▶ Provided data:
>>>>>

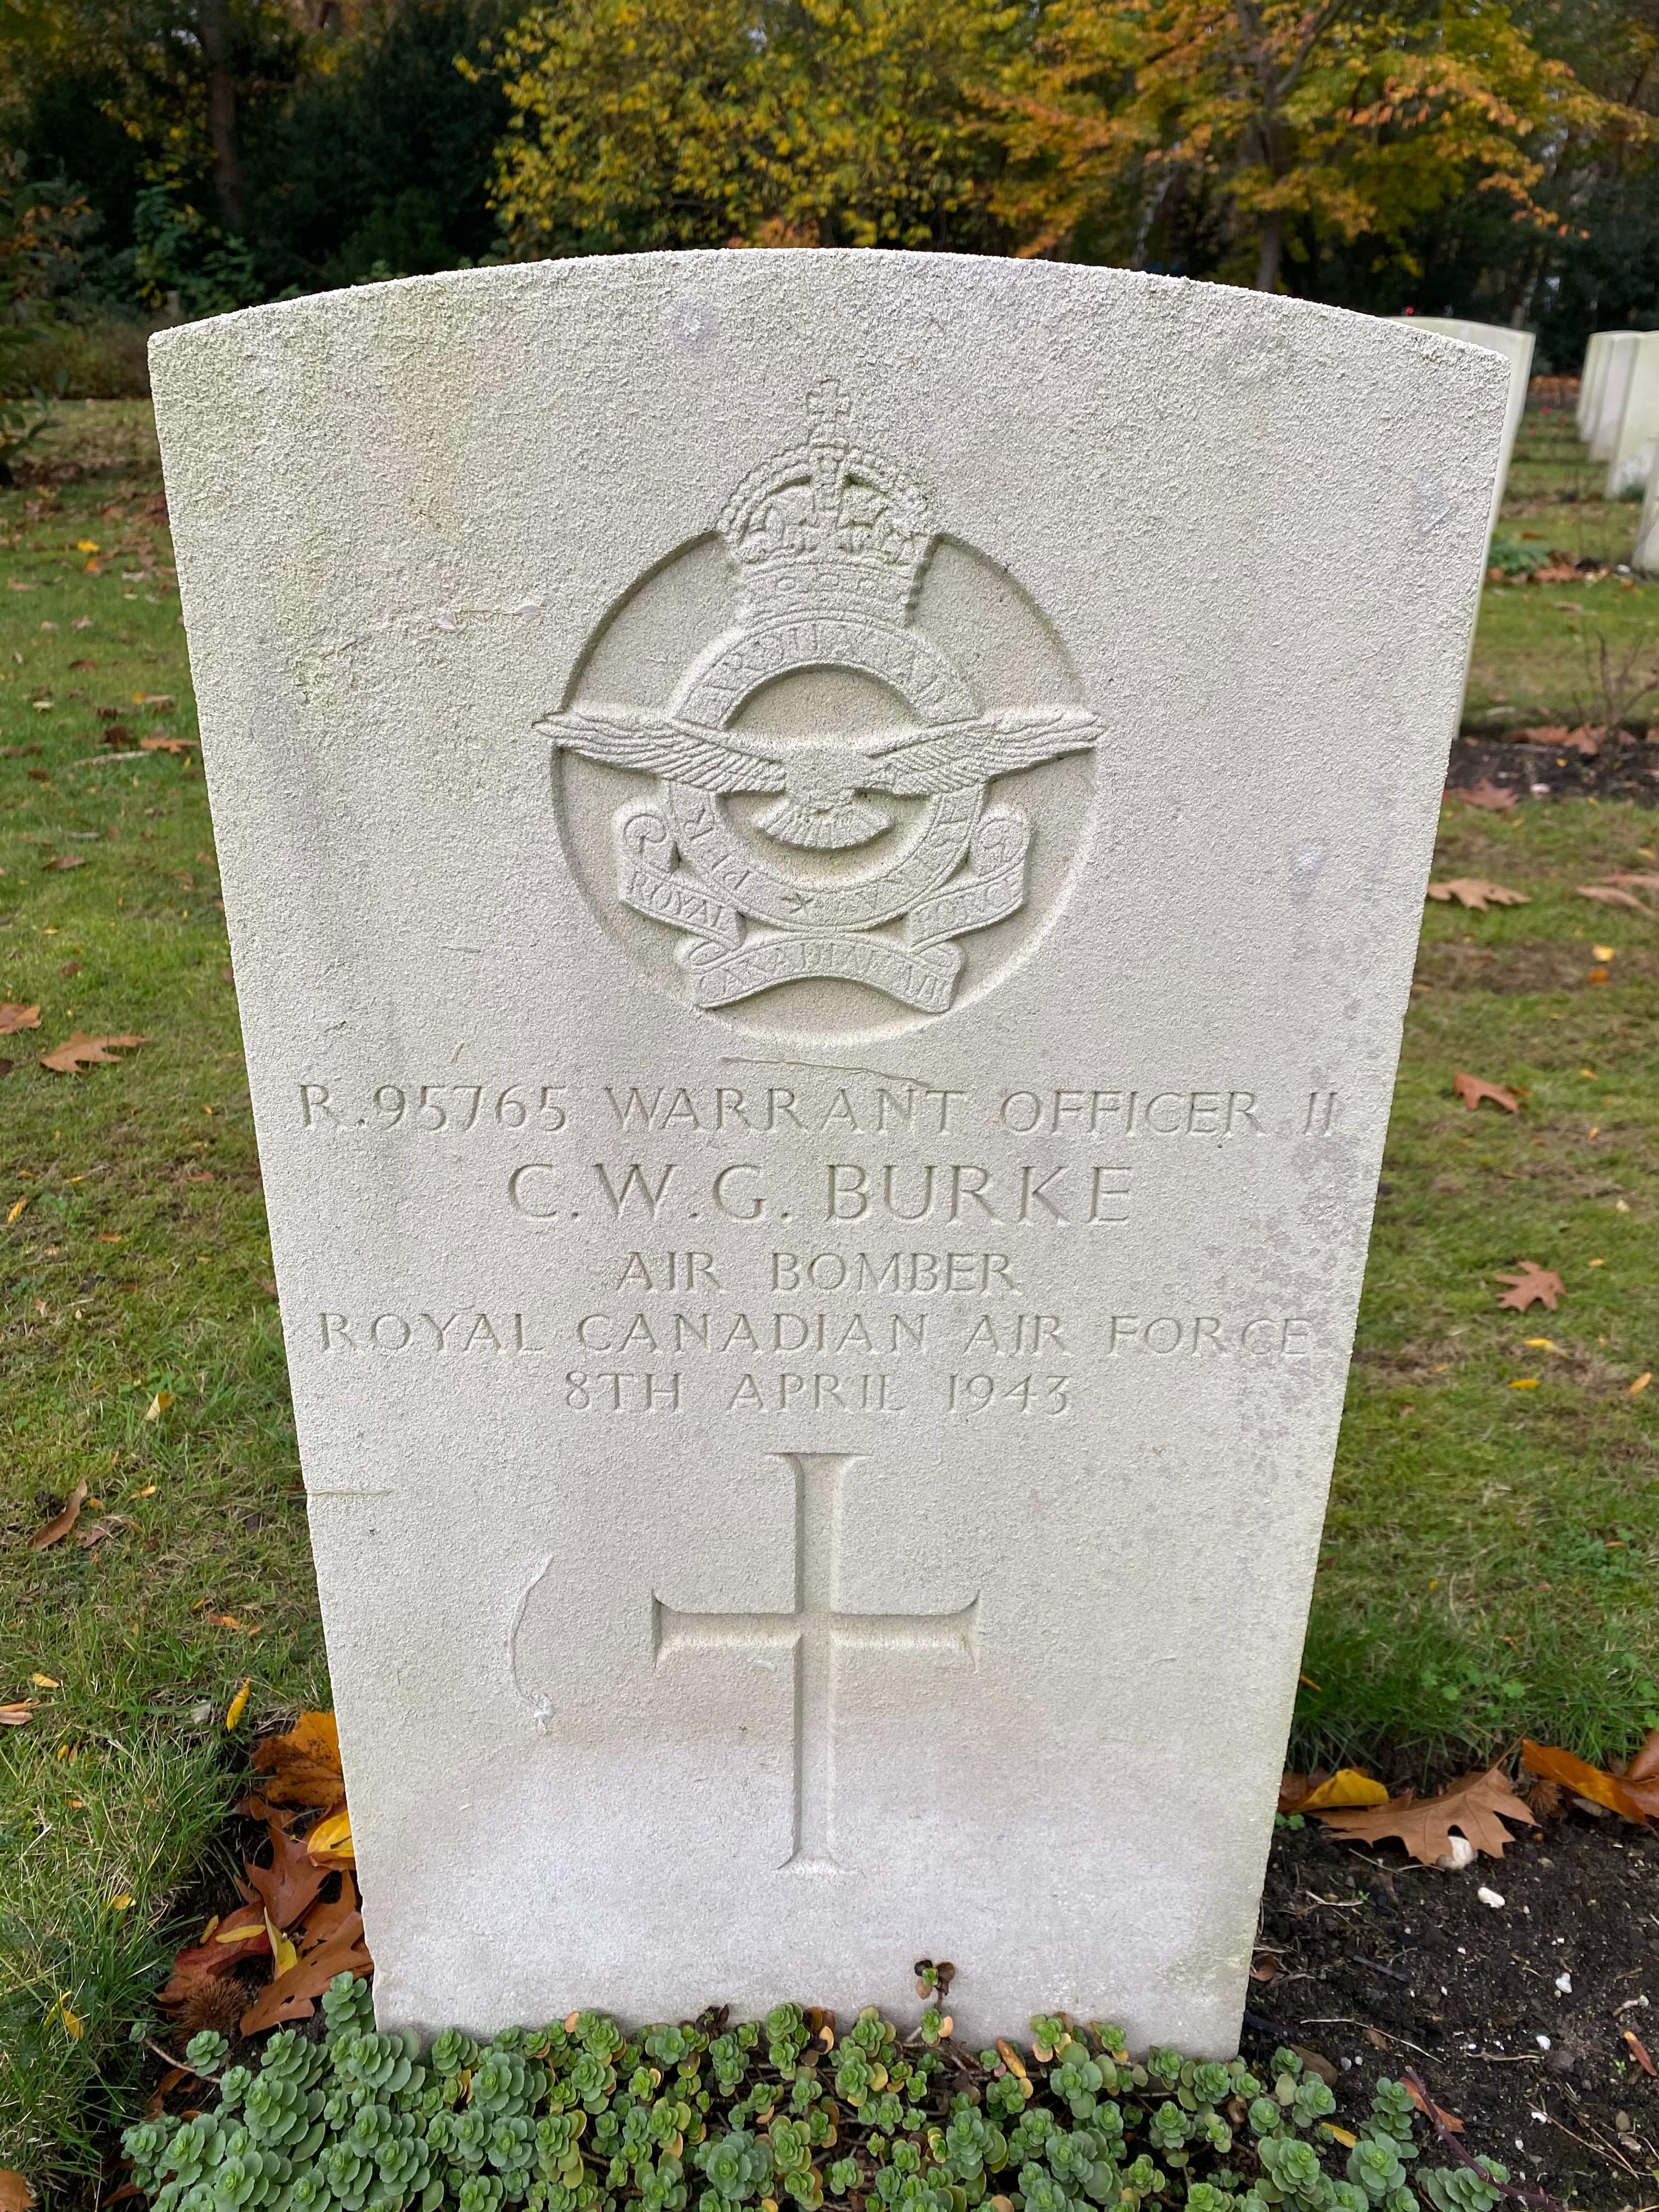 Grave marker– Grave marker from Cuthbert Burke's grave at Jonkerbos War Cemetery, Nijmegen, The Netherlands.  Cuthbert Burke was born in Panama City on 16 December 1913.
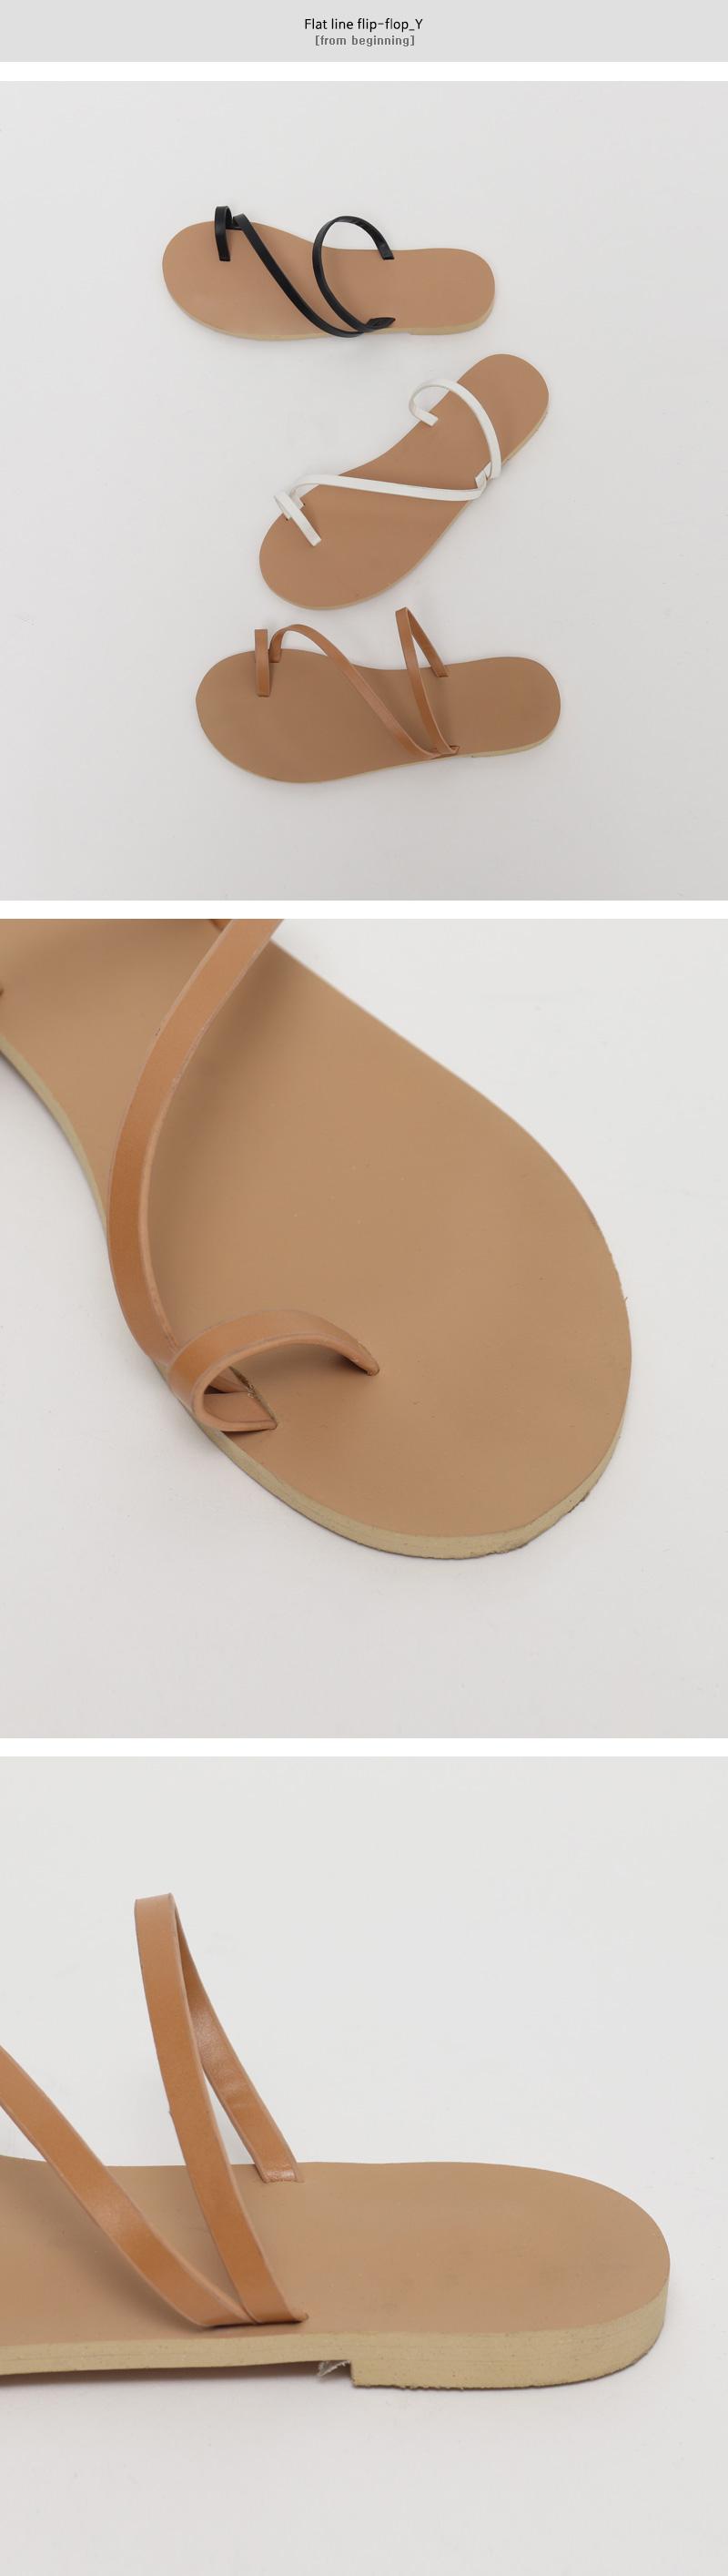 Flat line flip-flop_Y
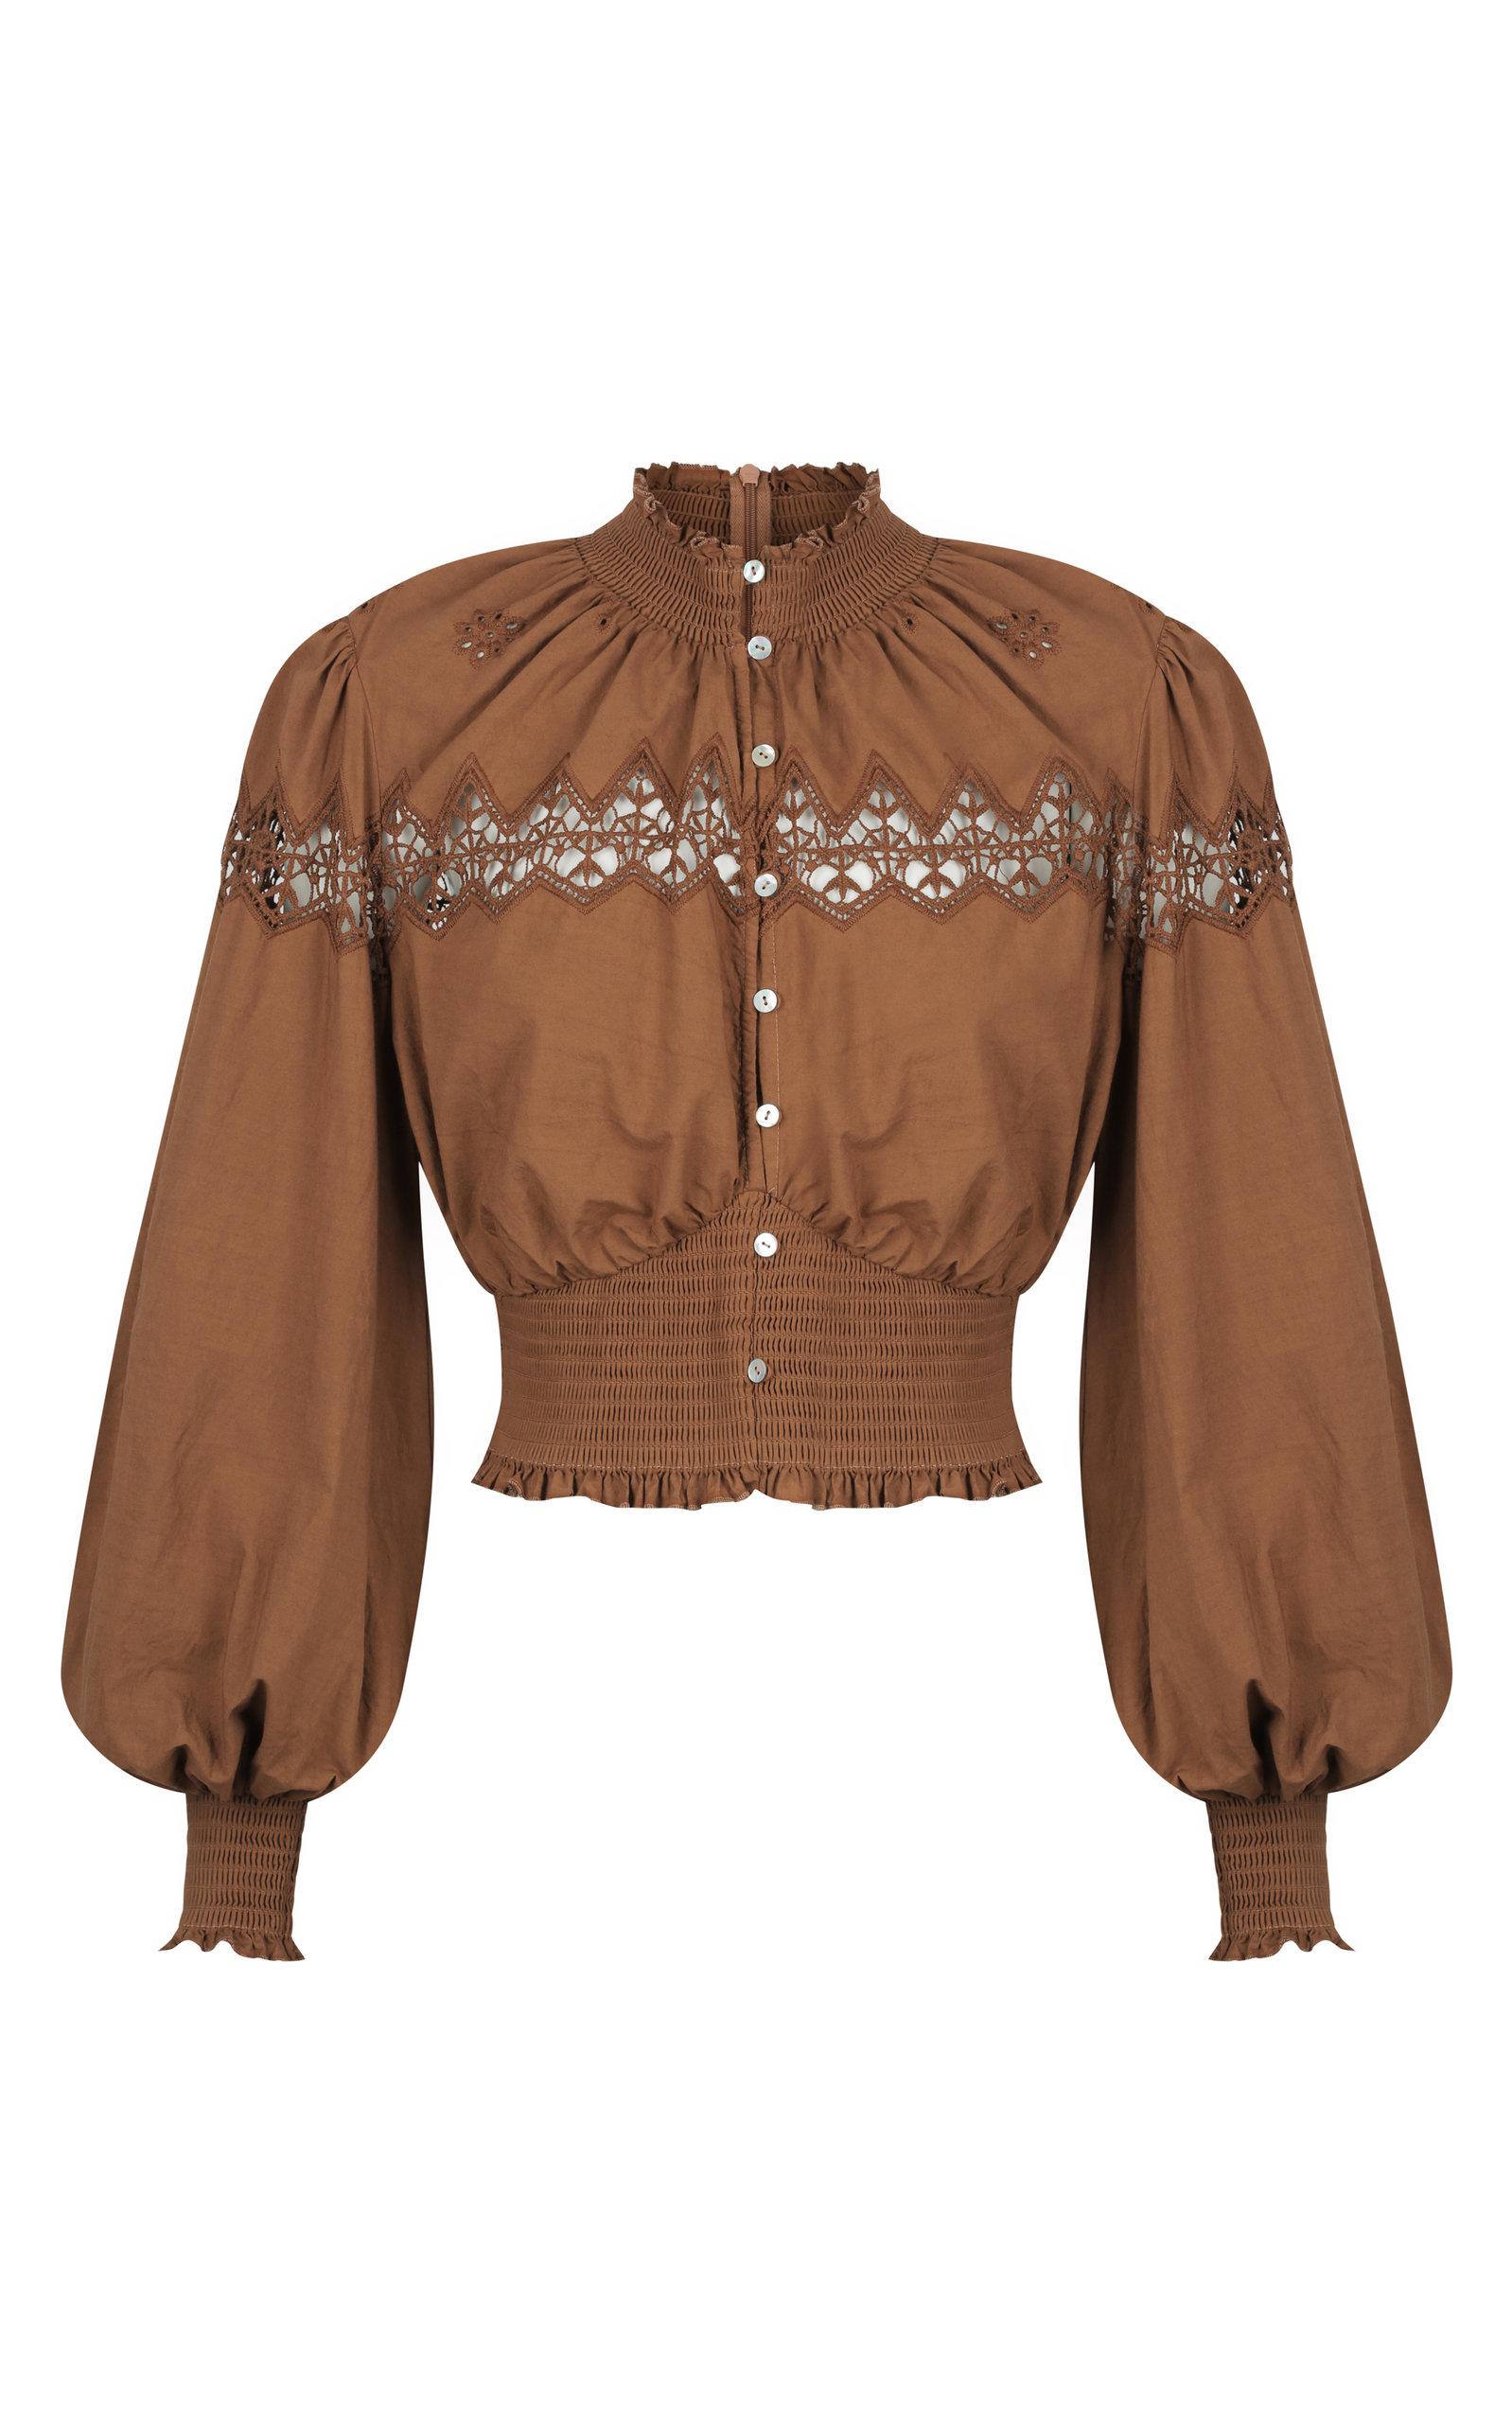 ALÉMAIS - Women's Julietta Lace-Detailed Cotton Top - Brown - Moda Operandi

<<<<<

Leave out the pictures and set down all of the data exactly.

▶ Written response:
 Grave marker– Grave marker from Cuthbert Burke's grave at Jonkerbos War Cemetery, Nijmegen, The Netherlands.  Cuthbert Burke was born in Panama City on 16 December 1913.
 Flat line flip-flop_Y
 ALÉMAIS - Women's Julietta Lace-Detailed Cotton Top - Brown - Moda Operandi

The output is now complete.